**Work to complete:**
Reproduce the listing below exactly. Pictures do not belong in the copy.

**Given material:**

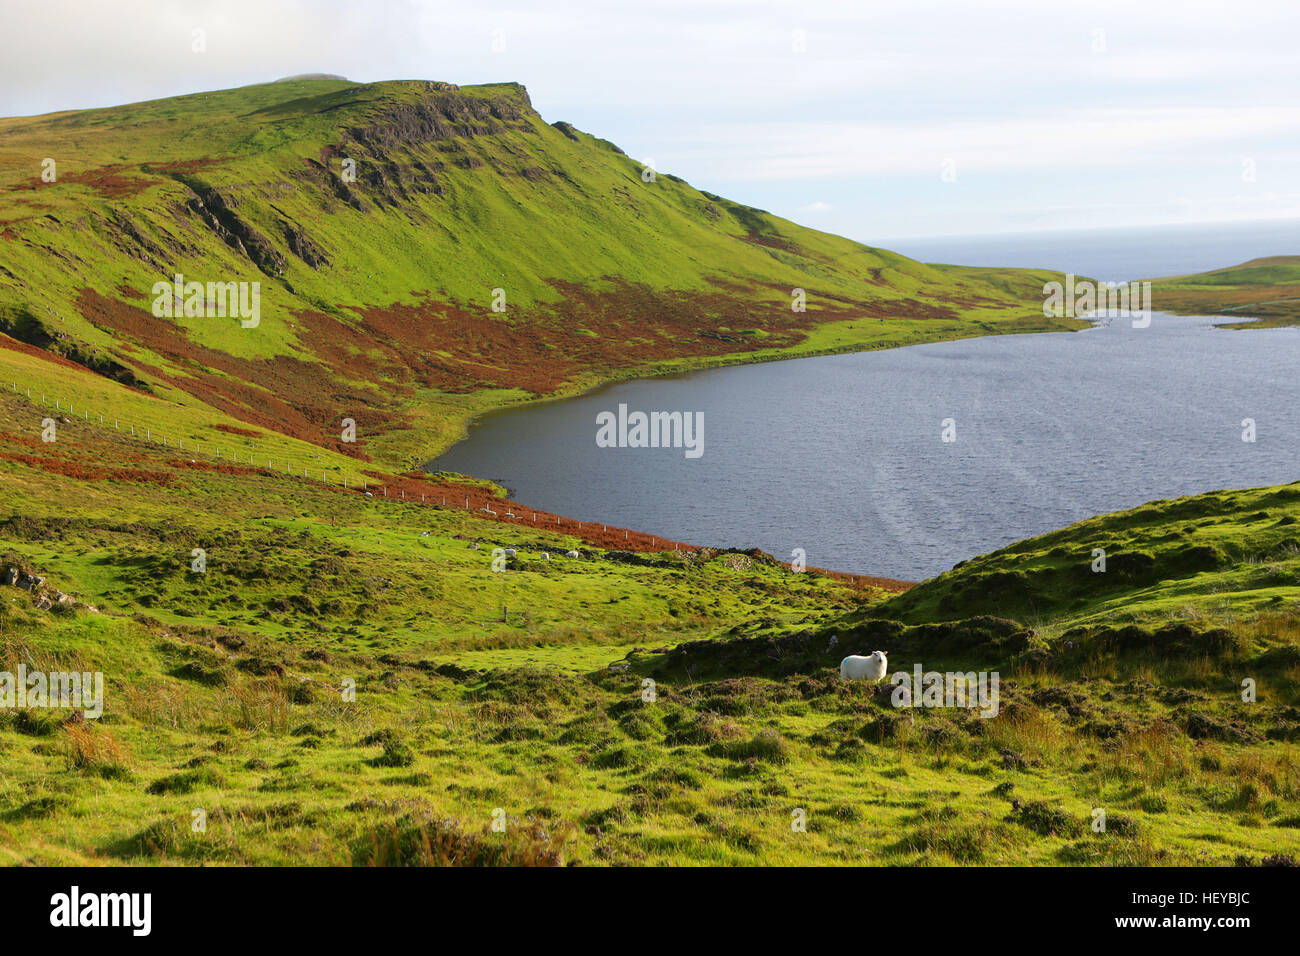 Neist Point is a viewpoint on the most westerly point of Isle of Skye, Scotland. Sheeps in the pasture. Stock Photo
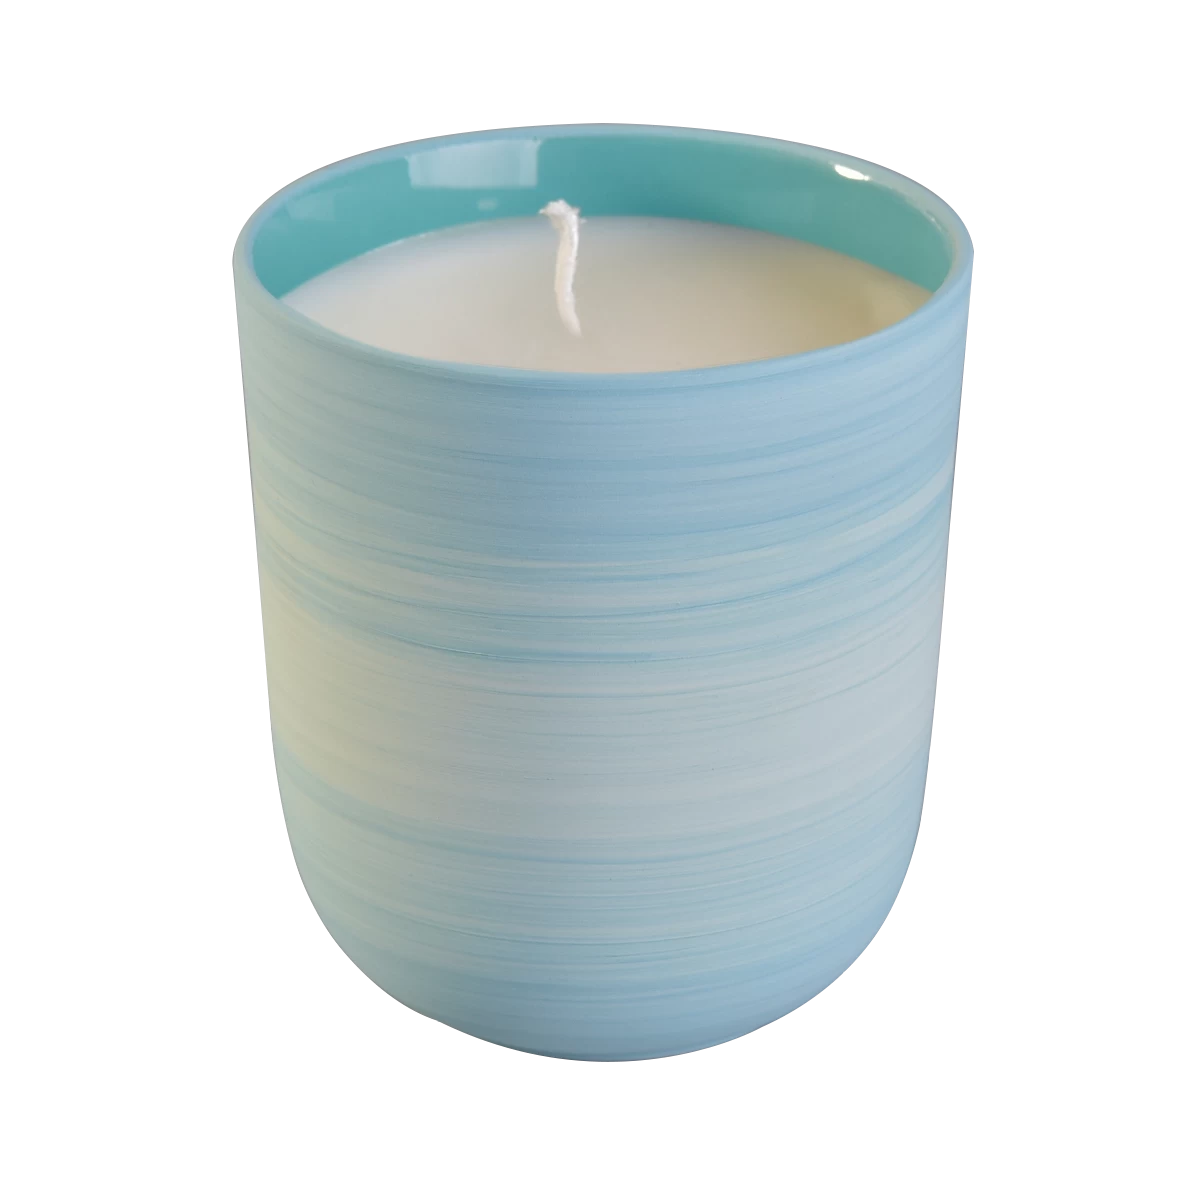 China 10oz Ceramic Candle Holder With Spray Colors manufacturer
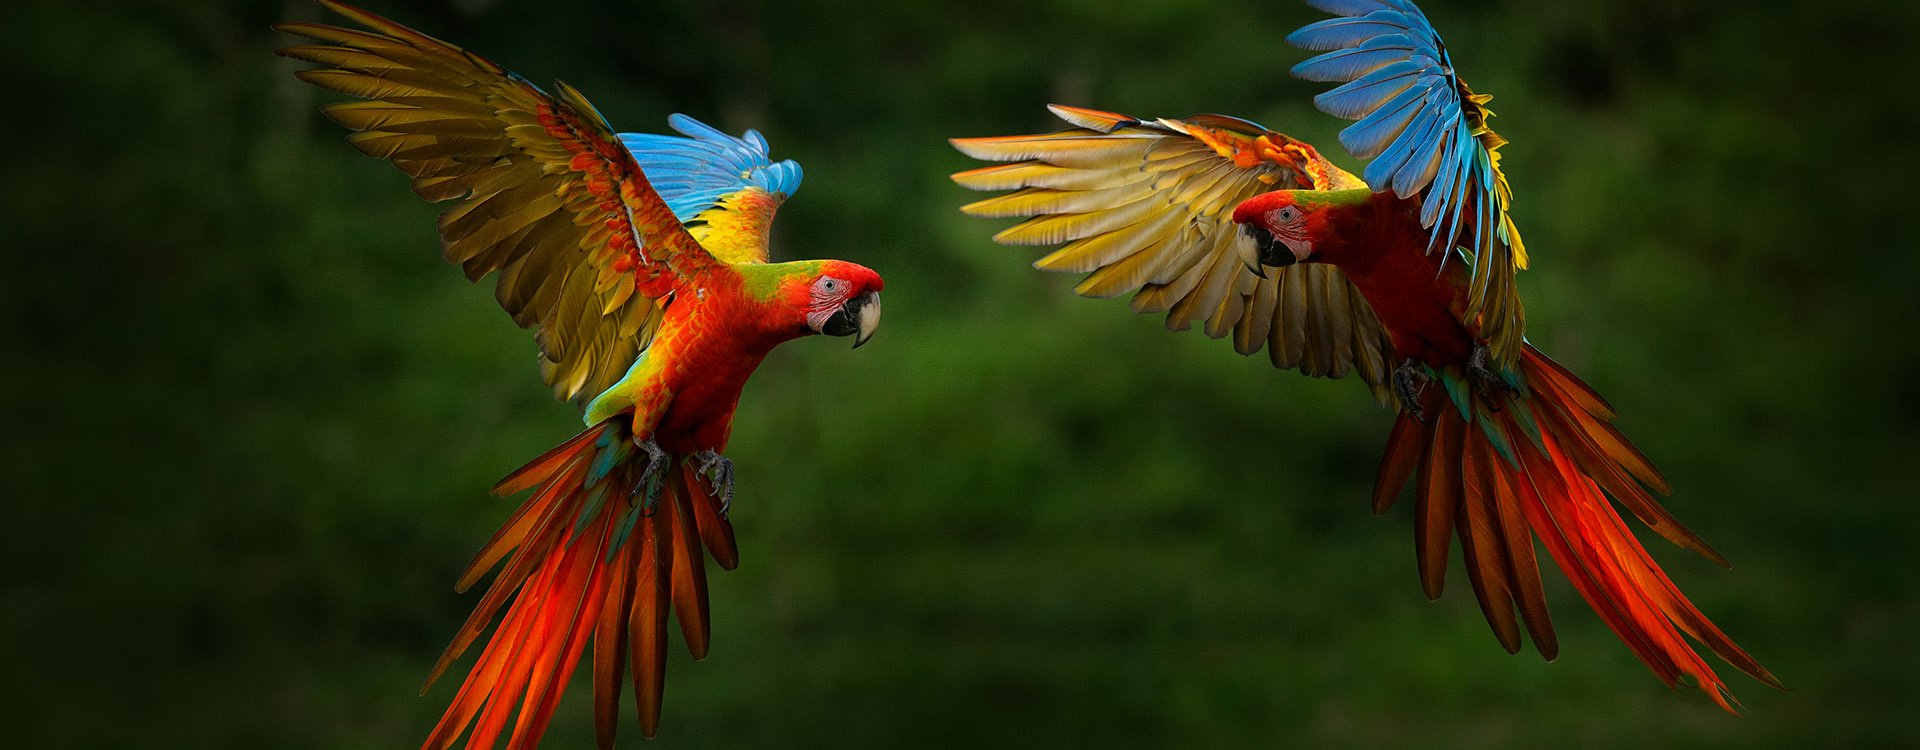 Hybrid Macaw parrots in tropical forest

**Answer space:**
 Neist Point is a viewpoint on the most westerly point of Isle of Skye, Scotland. Sheeps in the pasture. Stock Photo
 China 10oz Ceramic Candle Holder With Spray Colors manufacturer
 Hybrid Macaw parrots in tropical forest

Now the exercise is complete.